Population (2006 Census)^{1}
- • Total: 1,406,239
- • Estimate (2022 estimate): 3,067,500
- • Density: 192.2/km^{2} (497.9/sq mi)

GDP
- Time zone: UTC+01:00 (WAT)
- ISO 3166 code: NG-FC
- HDI (2022): 0.678 medium · 4th of 37
- Website: fcta.gov.ng

= Federal Capital Territory (Nigeria) =

Federal territory of Nigeria

The Federal Capital Territory (FCT) is a federal territory in central Nigeria. Abuja, the capital city of Nigeria, is located in this territory. The FCT was formed in 1976 from parts of the states of old Kaduna, Kwara, Niger, and Plateau states, with the bulk of land mass carved out of Niger state. The Federal Capital Territory is within the North Central region of the country.
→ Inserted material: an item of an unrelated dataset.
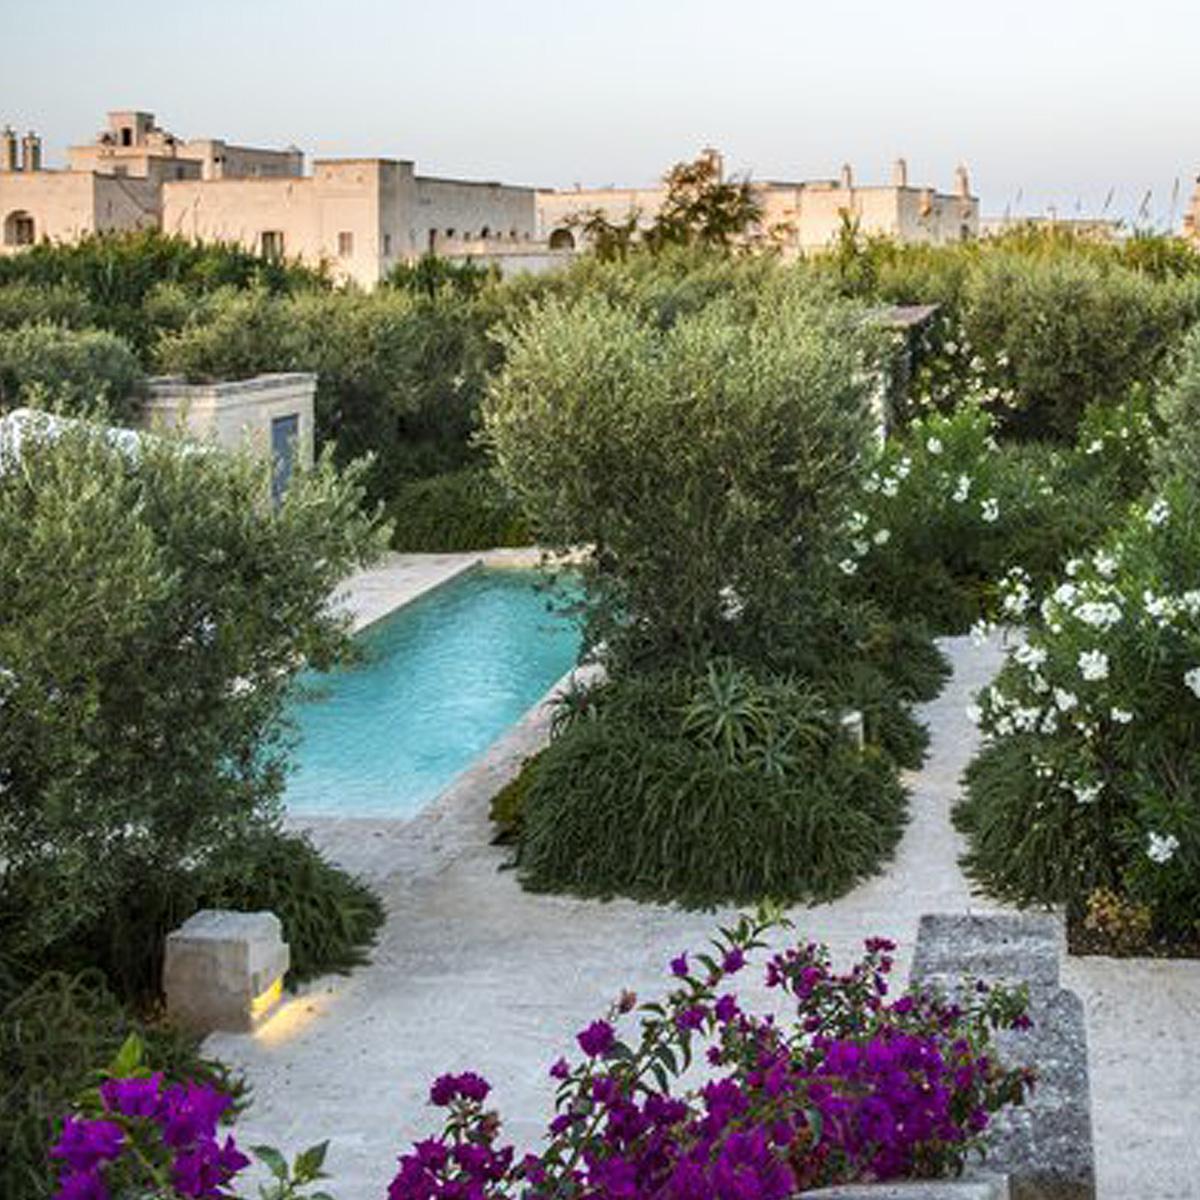 Borgo Egnazia (25)

Unlike other states of Nigeria, which are headed by elected Governors, it is administered by the Federal Capital Territory Administration, headed by a minister, who is appointed by the president.

== History ==
The Federal Capital Territory was created upon the promulgation of decree number 6 of 1976. It came into existence due to a need to find a replacement for the capital city of Lagos, which had become congested and had little space for expansion. The area chosen as the new capital was principally Gwari Land (the home of the tribes referred to as the Gbagyis, their language is referred to as Gwari) with high concentrations of Muslims and Christians and a high degree of neutrality from the dominant ethnic groups.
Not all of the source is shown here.